Way back in the 1960's Cape Town had a number of coal powered electricity generating power stations scattered around the city.
The foreshore in Cape Town where most of the new hotels and the convention centre are built was once the site of a coal powered power station.
After the power station was decommissioned it took a number of years for the buildings to be removed. The site was finally cleared in the early
90's and today you would not know that it even existed as there are a number of 5 star hotels built on the site.
The second power station to be decommissioned was the one on the coastline near Paarden Eiland. Parts of the old power station are still there
but the rest of the site has been sold off and new factories have been erected. On the power station site were two tall chimney stacks which
smoked day and night releasing smoke from the coal fired boilers. The smoke was put to good use by the local surfers who at a glance could see
in which direction the wind was blowing and from that could deduce where the best surfing spots on the day would be. Today we don't have the
chimneys and sadly the beach along the Woodstock coastline is no longer there either and surfers have had to find other places to surf.
Towers seen from the Tygerberg with power station building to the left
A third power station and the one which still exists today is the old West London or Athlone power station. It includes a large building where
the generators were housed and two large cooling towers which can be seen from all over Cape Town.

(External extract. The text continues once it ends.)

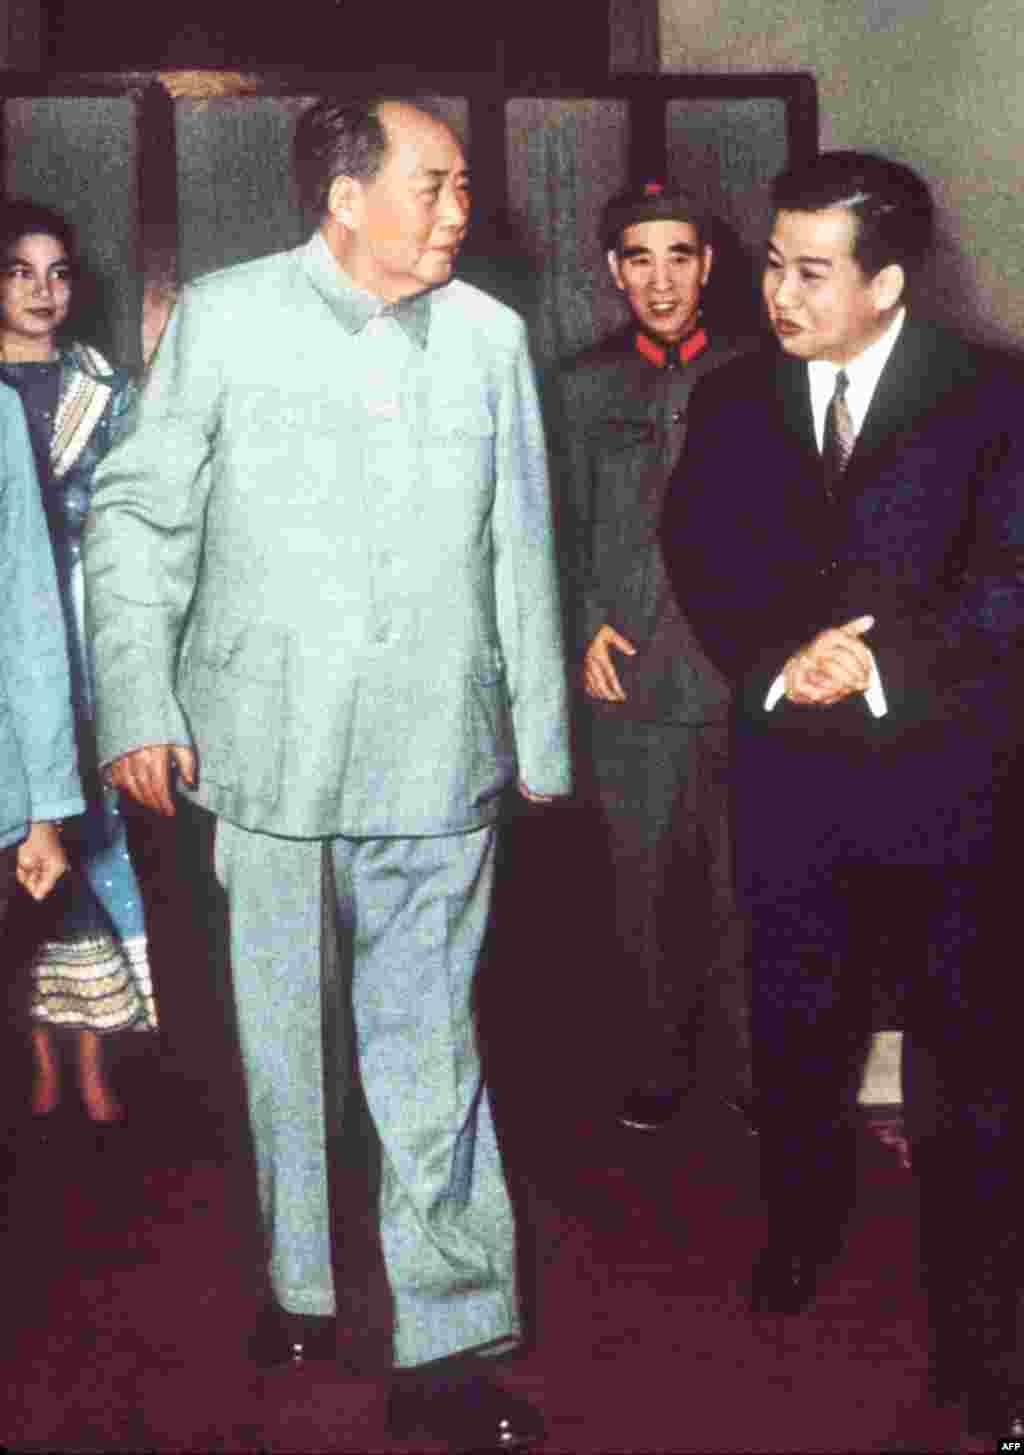 """1971年中国头号领导人毛泽东和二号领导人林彪在北京欢迎柬埔寨的西哈努克亲王和王后莫尼列。《炎黄春秋》杂志曾发表胡鹏池的文章说:林彪之所以从一个长期养病的""""老病号""""异军突起,最终登上了""""一人之下,万人之上""""的副统帅、接班人的宝座,并不主要是靠他解放战争的军功,更重要的是靠他狂热地推行""""个人崇拜""""。当年这些""""四个伟大""""、""""三个副词""""、""""一句顶一万句""""与""""顶峰论""""、""""天才论""""、""""四个第一""""……全都是林彪""""造神运动""""中的""""主打歌""""与""""组合拳"""",它们在""""造神""""的同时也为林彪捞取了政治资本。"""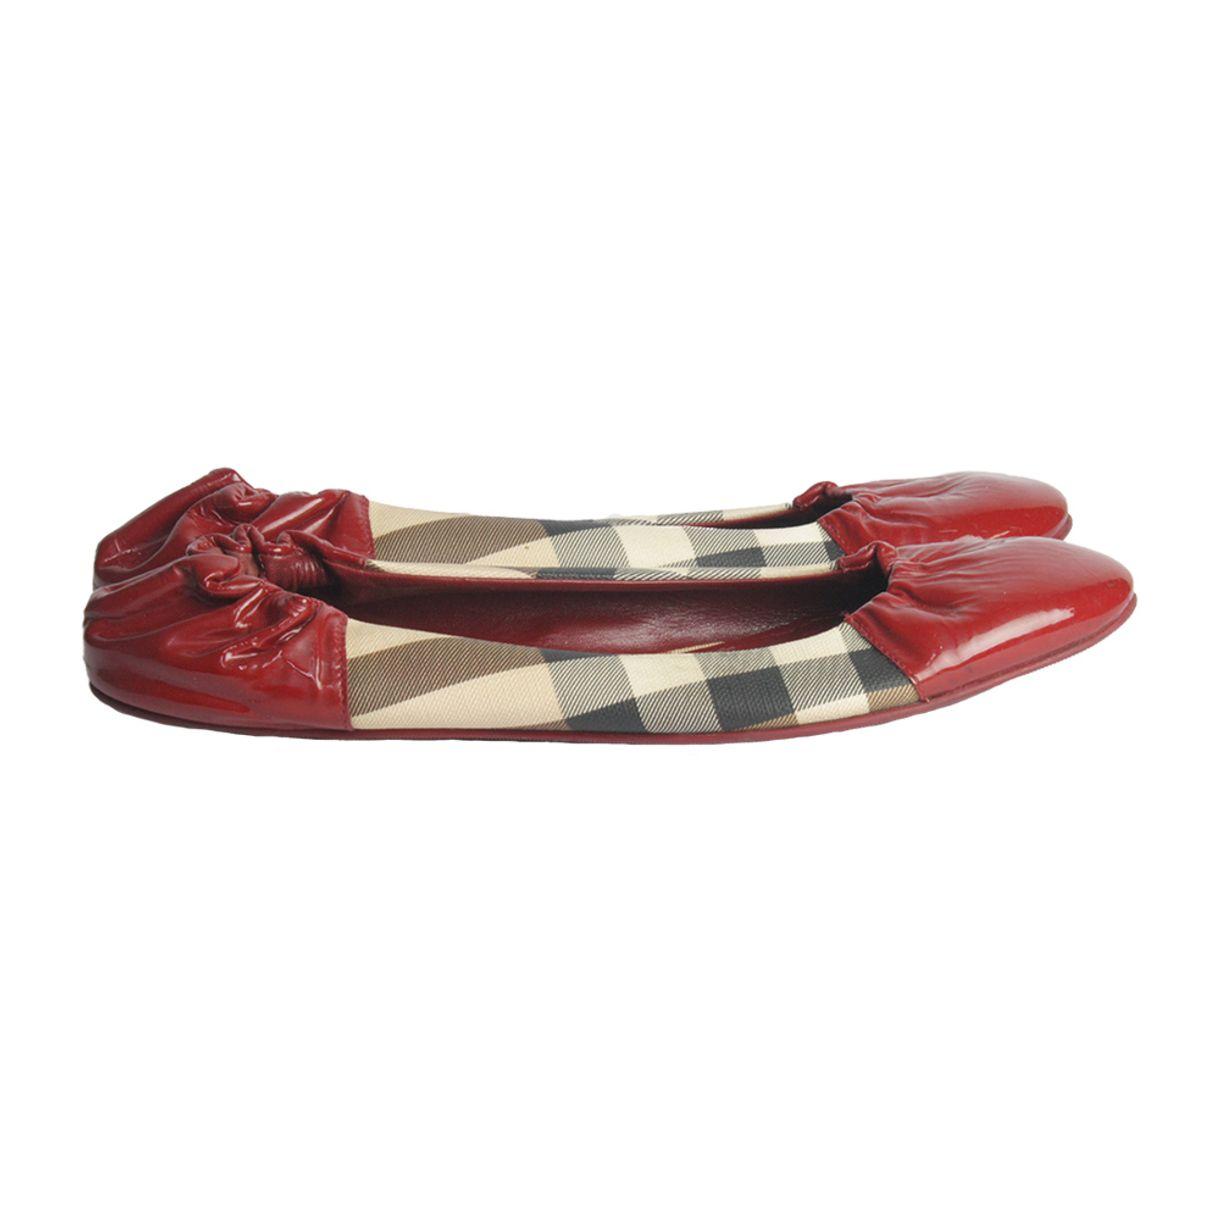 Sapatilha-Burberry-Verniz-Vermelho

Athlone Towers as seen from Signal Hill with the airport in the background
Most visitors to Cape Town have seen them as they loom large next to the N2 highway as you drive in to the city from the airport. People
visiting Signal Hill or Table Mountain will notice them situated more or less in the middle of the Cape Flats as they look out over
the Cape Peninsula's Cape Flats.
For those visiting Cape Town during the world cup, the chances of seeing this well known landmark are scarce. In fact if you arrive
in Cape Town after the 30th of May all you will see on the site of the cooling towers is a large heap of rubble. Hopefully it will be on
the site and not on the N2 causing delays to and from the airport if their demolition by implosion doesn't go to plan.
I can hear you asking why this landmark has to be demolished just before the world cup event.
6 June 2 010
There is good news for fans of the cooling towers and those who are visiting Cape Town during the world cup. The demolition of the towers will happen in early August so you will see them in all their glory. There is just not enough time before the start of the world cup to bring them down and clear the site.)

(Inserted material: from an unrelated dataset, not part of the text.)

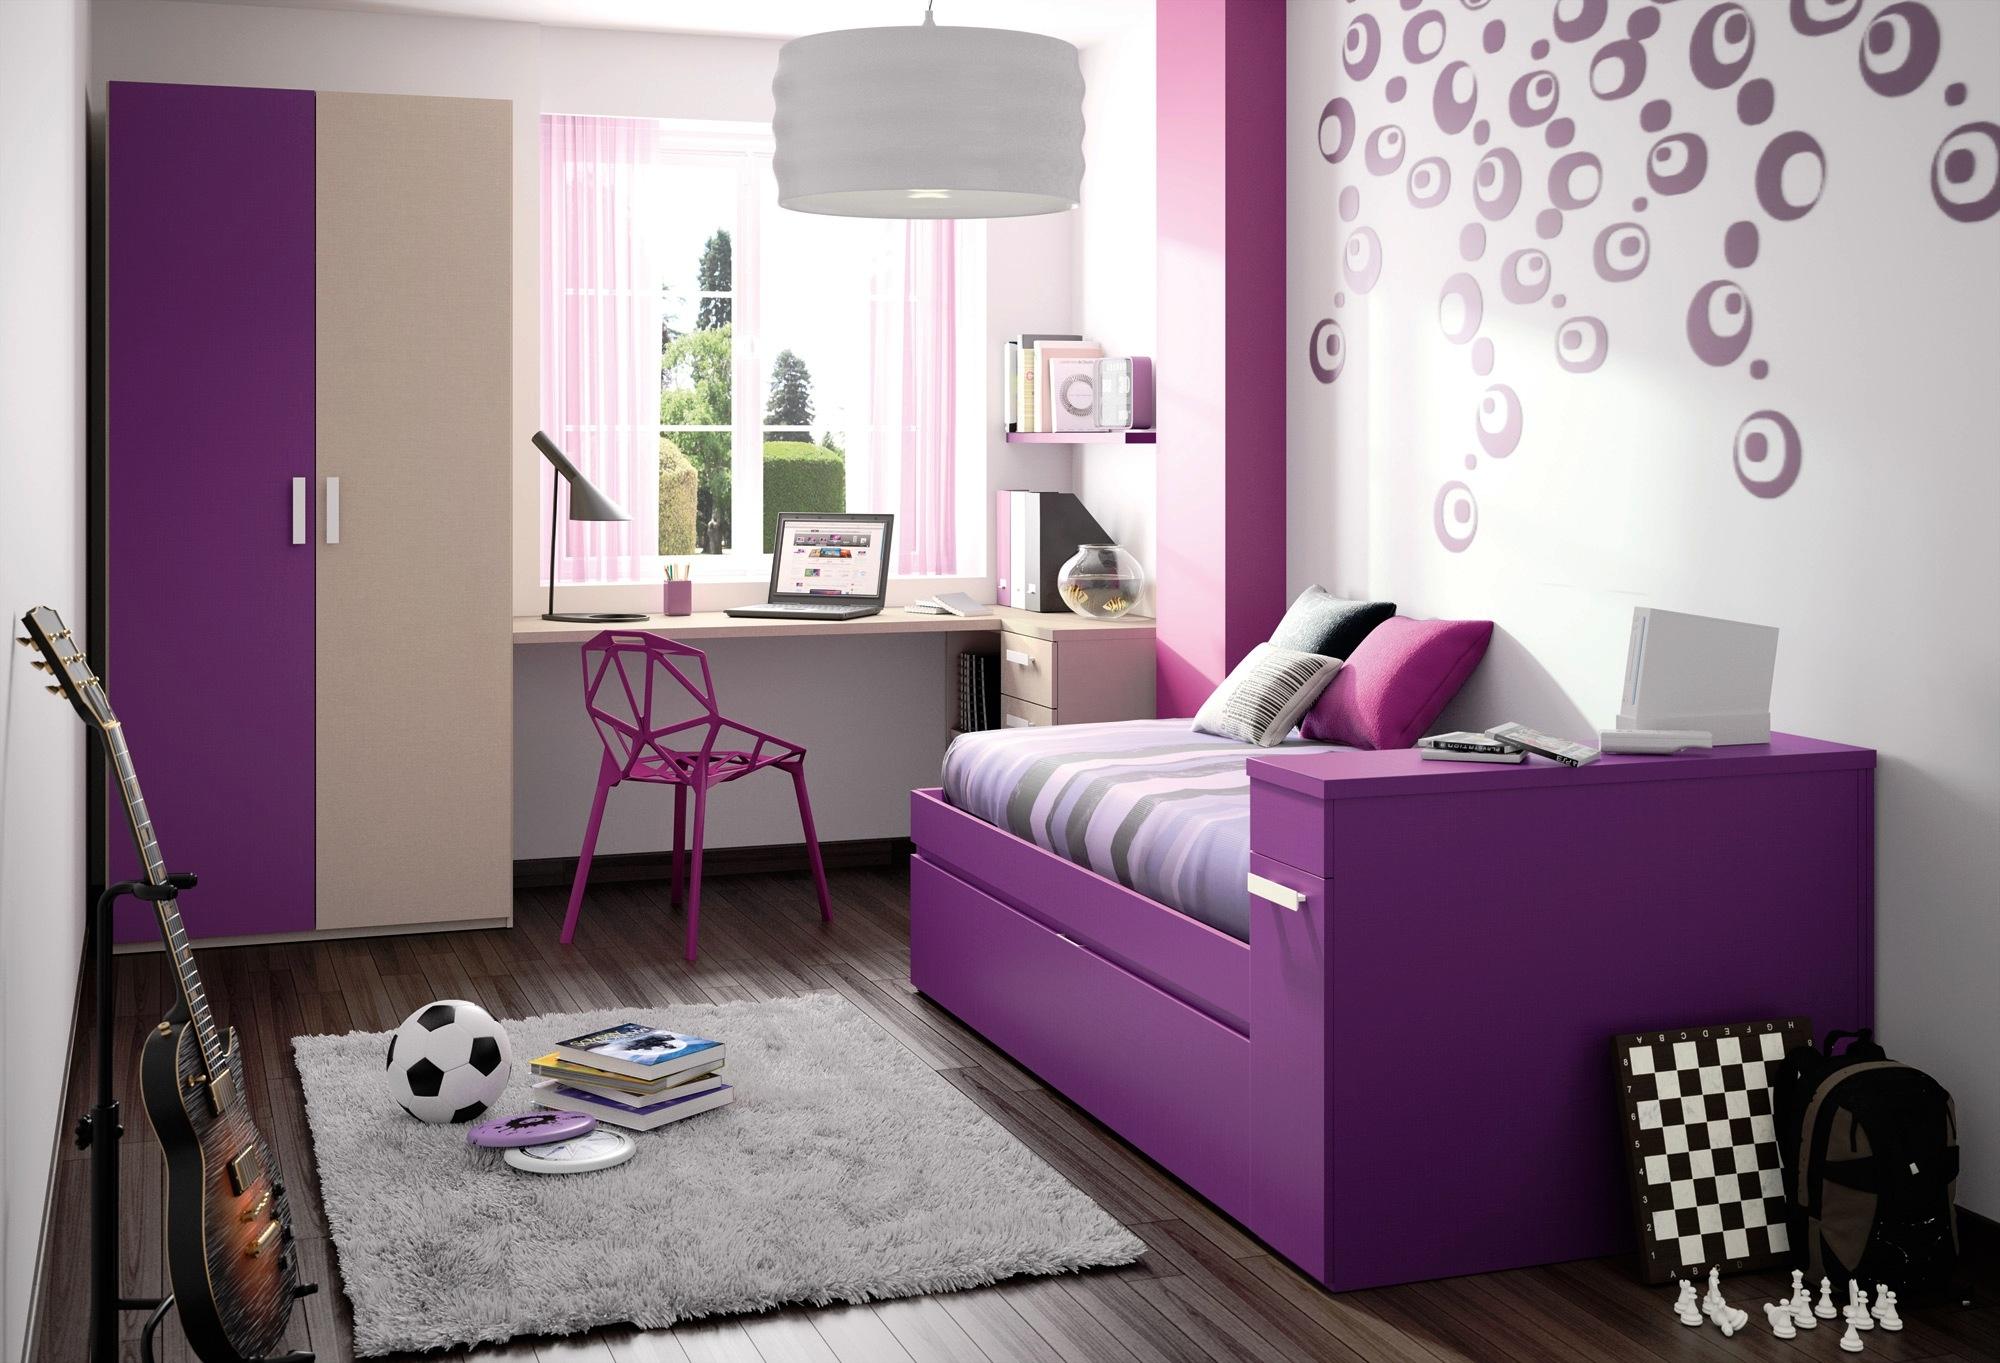 Las distintas tonalidades de púrpura dan sofisticación al ambiente - abate08.com

Watch the press for details of when they will be imploded.
The eastern tower with pieces of its support ring hanging off the tower
There is a very good reason for the demolition.
The eastern tower has lost all its support rings and is likely to collapse
The cooling towers and the power station which were erected in 1960 were taken out of production in 2002 and decommissioned completely in 2006.
There is therefore no real reason to keep the cooling towers so why take them down now when there are more pressing things to do before the world cup?
Athlone Towers from the south
The cooling towers have been slowly decaying over the past number of years. A couple of years ago a reinforcing ring was placed around
one of the towers to shore it up and stop it from collapsing. This ring has now collapsed and the one tower is now in danger of being
blown over by the strong winter winds which are likely to blast the Cape of Storms during the world cup event.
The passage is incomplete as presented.